Installing this package also installs its runtime dependencies, including @huggingface/transformers. Transformers.js brings in ONNX Runtime packages such as onnxruntime-web as transitive dependencies; applications do not need to install them separately.

Model And Voices

Use the v1.1 Chinese ONNX model:

onnx-community/Kokoro-82M-v1.1-zh-ONNX

Voice .bin files are not bundled in the npm package. Download the voice files you need from the model repository and expose them through voicePath.
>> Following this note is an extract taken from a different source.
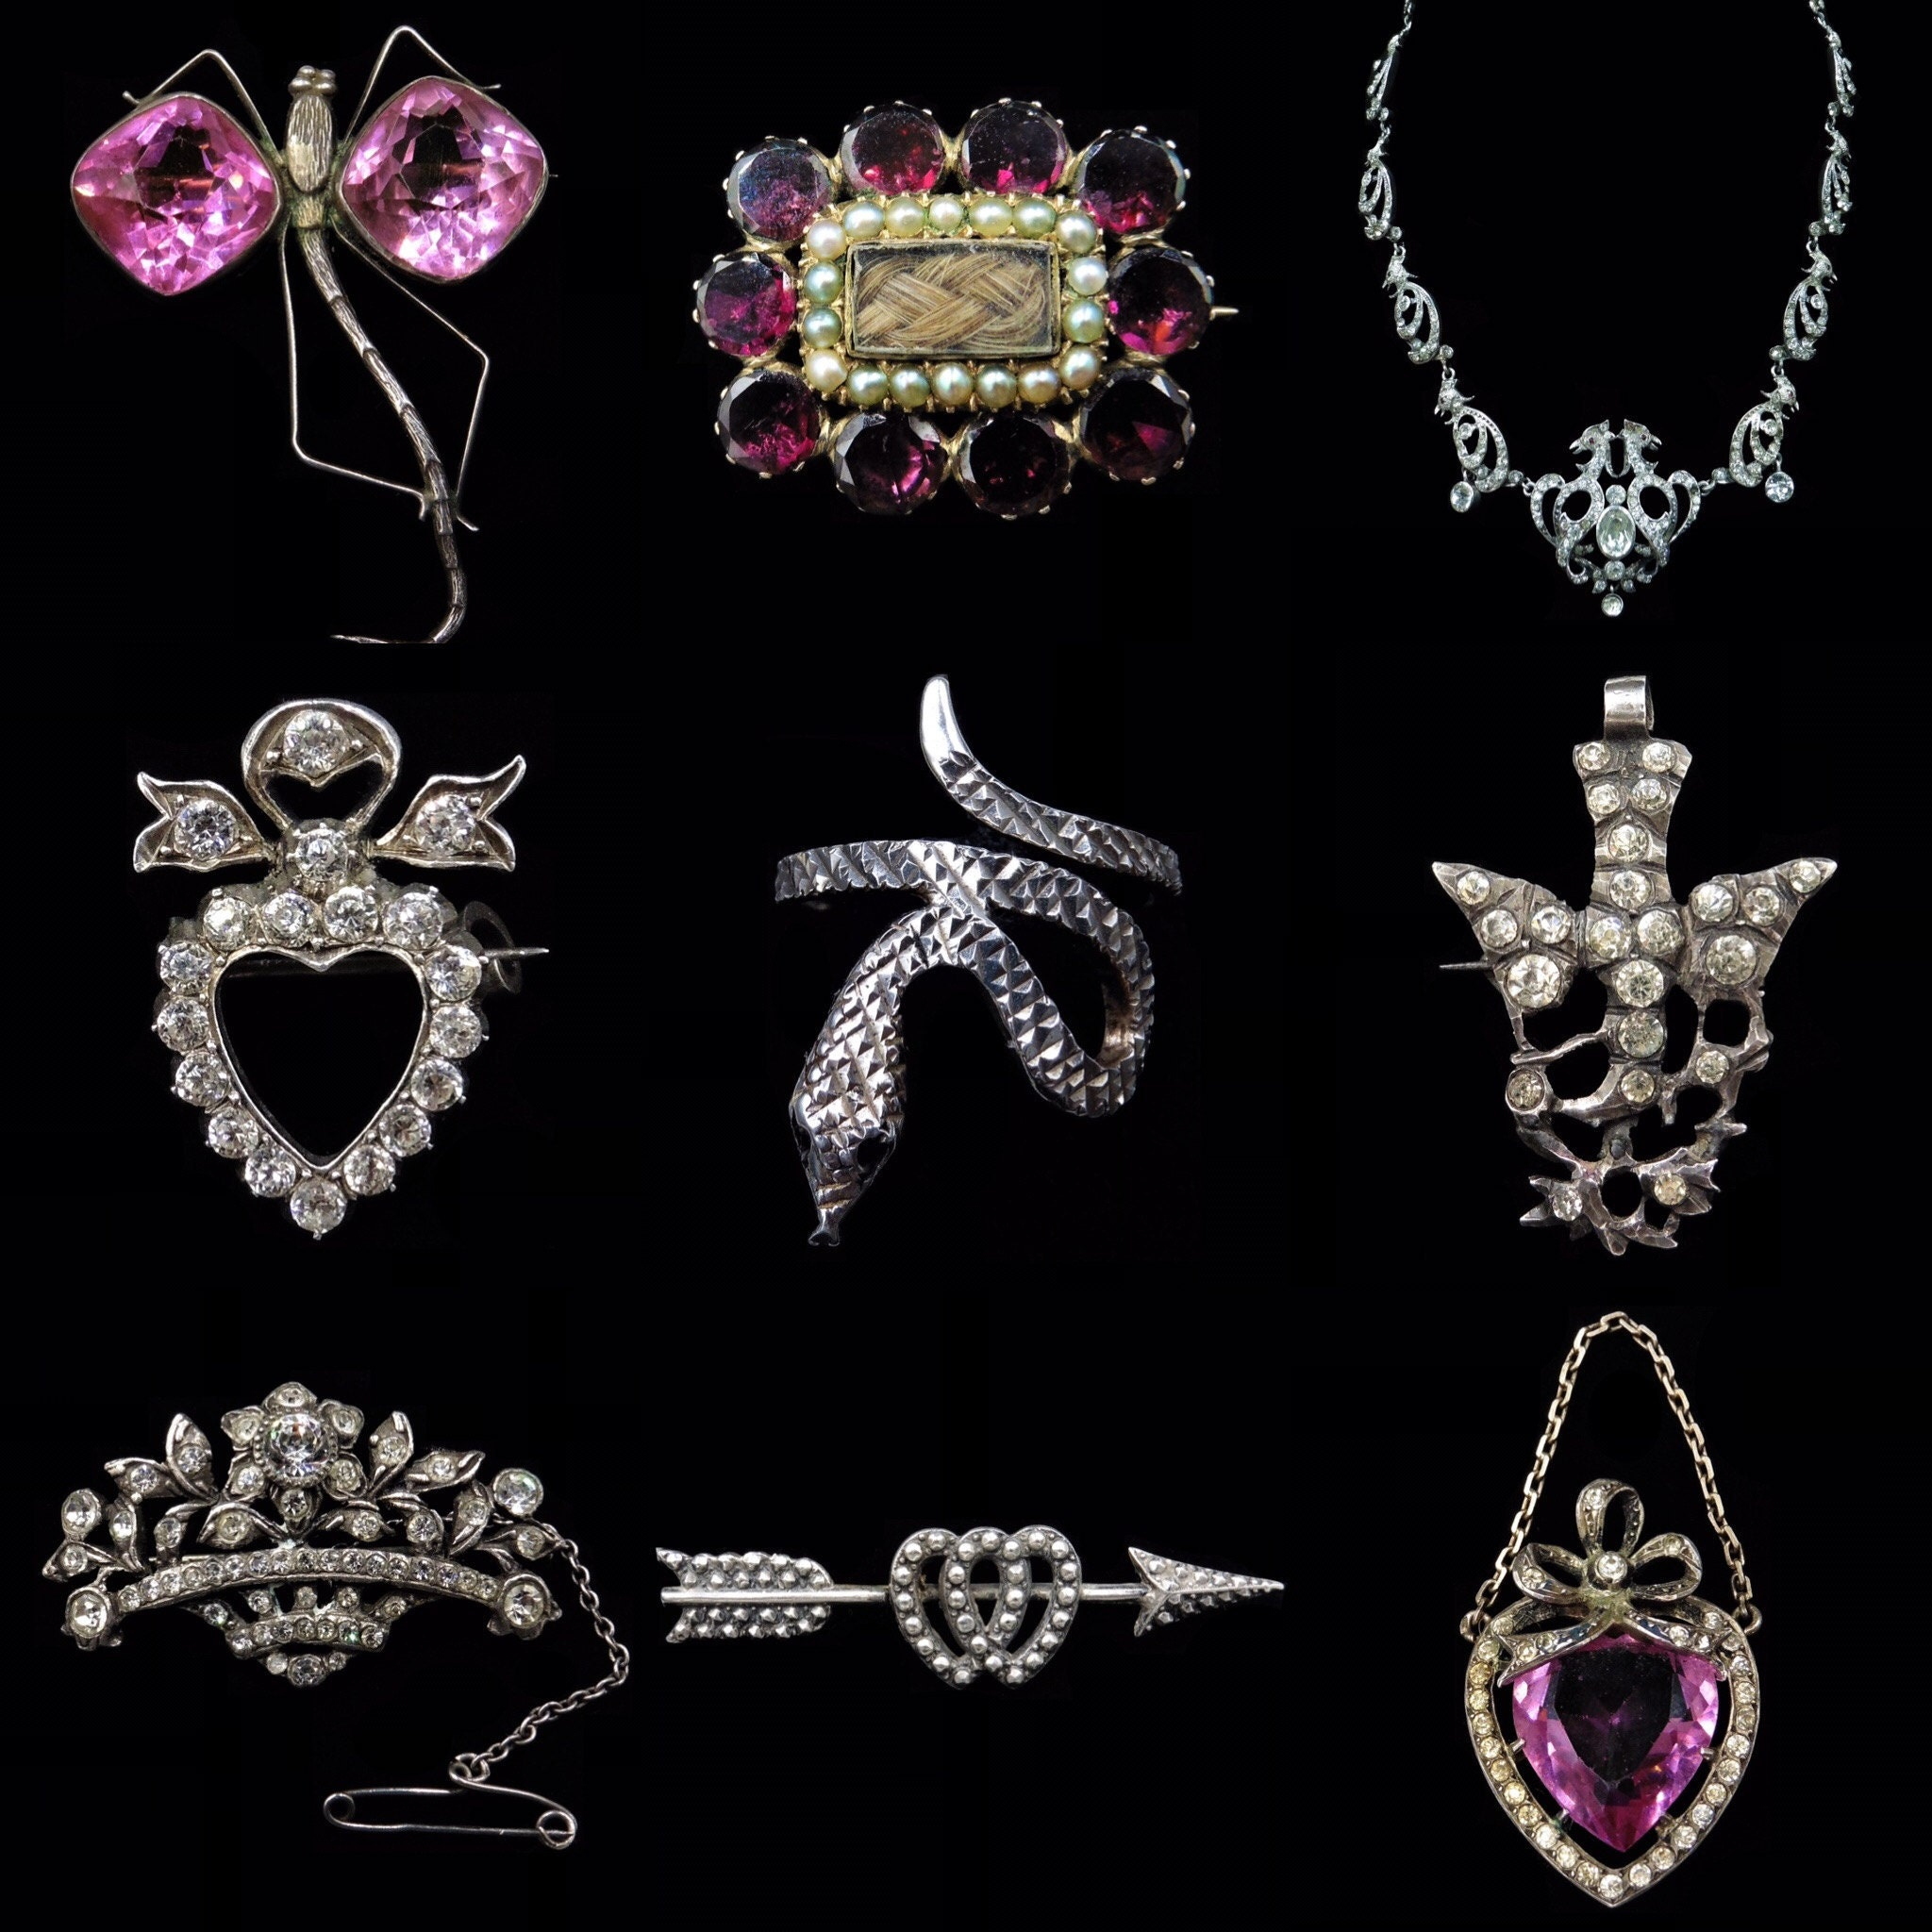 Symbolism in Jewellery

  • Browser/Vite apps: put files such as zf_001.bin under public/kokoro/voices/; the default voicePath is /kokoro/voices.
  • Node.js: put the files in a local directory and pass that directory as voicePath, for example voicePath: "./voices".
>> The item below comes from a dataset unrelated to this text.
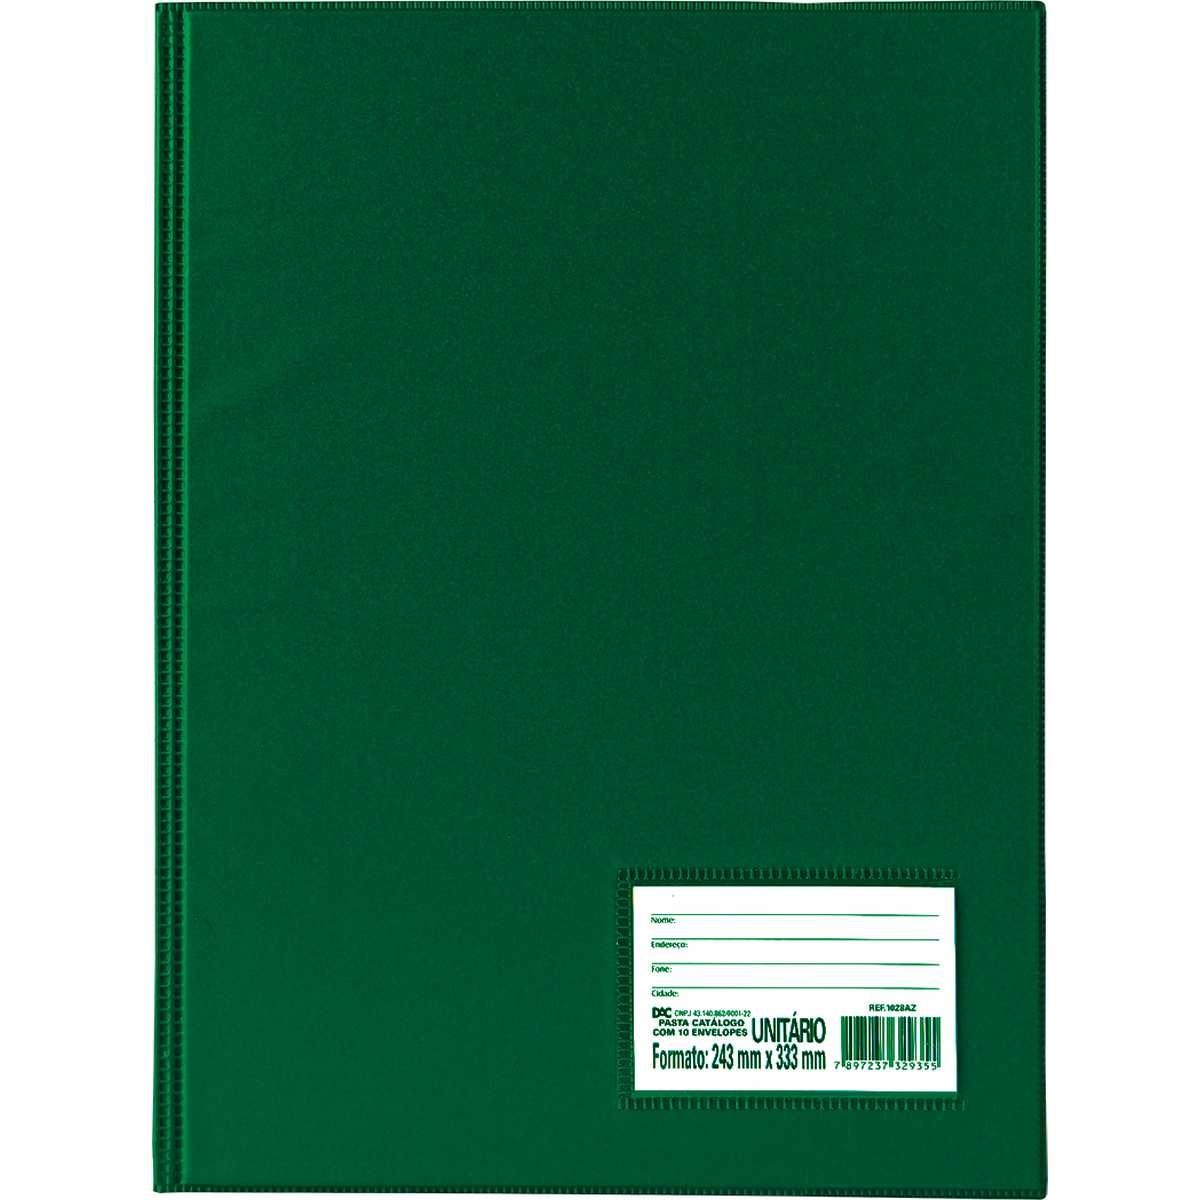 Pasta Catalogo - Oficio c/50 Envelopes Finos Verde - Dac

Current registered voices are the v1.1 Chinese voices plus two American English voices and one British English voice:

af_maple, af_sol, bf_vale
zf_001, zf_002, zf_003, zf_004, zf_005, zf_006, zf_007, zf_008,
zf_017, zf_018, zf_019, zf_021, zf_022, zf_023, zf_024, zf_026,
zf_027, zf_028, zf_032, zf_036, zf_038, zf_039, zf_040, zf_042,
zf_043, zf_044, zf_046, zf_047, zf_048, zf_049, zf_051, zf_059,
zf_060, zf_067, zf_070, zf_071, zf_072, zf_073, zf_074, zf_075,
zf_076, zf_077, zf_078, zf_079, zf_083, zf_084, zf_085, zf_086,
zf_087, zf_088, zf_090, zf_092, zf_093, zf_094, zf_099,
zm_009, zm_010, zm_011, zm_012, zm_013, zm_014, zm_015, zm_016,
zm_020, zm_025, zm_029, zm_030, zm_031, zm_033, zm_034, zm_035,
zm_037, zm_041, zm_045, zm_050, zm_052, zm_053, zm_054, zm_055,
zm_056, zm_057, zm_058, zm_061, zm_062, zm_063, zm_064, zm_065,
zm_066, zm_068, zm_069, zm_080, zm_081, zm_082, zm_089, zm_091,
zm_095, zm_096, zm_097, zm_098, zm_100

Call tts.list_voices() or read tts.voices at runtime for the authoritative list from the installed package.

Generate Speech

import { KokoroTTS } from "@uzen/kokoro-js";

const model_id = "onnx-community/Kokoro-82M-v1.1-zh-ONNX";
const tts = await KokoroTTS.from_pretrained(model_id, {
  dtype: "fp32",
  device: "webgpu",
  voicePath: "/kokoro/voices",
});

const audio = await tts.generate("你好,欢迎使用 Kokoro 中文语音。", {
  voice: "zf_001",
  speed: 1,
});

audio.save("audio.wav");

Use "fp32" as the default dtype and "webgpu" as the default browser device. Recommended dtype values are "fp32", "fp16", and "q4f16". Other supported quantized variants such as "q8" and "q4" are not recommended for this model. Supported device values are "webgpu", "wasm", "cpu", or null; browser apps should prefer "webgpu" when available and can fall back to "wasm", while Node.js uses "cpu".

Stream Speech

import { KokoroTTS, TextSplitterStream } from "@uzen/kokoro-js";

const model_id = "onnx-community/Kokoro-82M-v1.1-zh-ONNX";
const tts = await KokoroTTS.from_pretrained(model_id, {
  dtype: "fp32",
  device: "webgpu",
});

const splitter = new TextSplitterStream();
const stream = tts.stream(splitter, { voice: "zf_001" });

(async () => {
  let index = 0;
  for await (const { text, phonemes, audio } of stream) {
    console.log({ text, phonemes });
    audio.save(`audio-${index++}.wav`);
  }
})();

splitter.push("Kokoro 支持中文和中英 mixed text。它可以分段生成音频。");
splitter.close();

tts.stream() also accepts a string directly. By default it uses TextSplitterStream sentence splitting and further splits long chunks at punctuation boundaries.

API Notes

  • KokoroTTS.from_pretrained(model_id, options) loads the model and tokenizer through Transformers.js.
  • tts.generate(text, { voice, speed }) returns a Transformers.js RawAudio object.
  • tts.stream(textOrSplitter, options) yields { text, phonemes, audio } for each generated chunk.
  • voicePath is a base path, not a full file path; the runtime loads ${voicePath}/${voice}.bin in browsers and resolves the same pattern from the local filesystem in Node.js.
  • Chinese voices begin with zf_ or zm_ and use the Chinese phonemizer path. English voices beginning with af_ or bf_ use the English phonemizer path.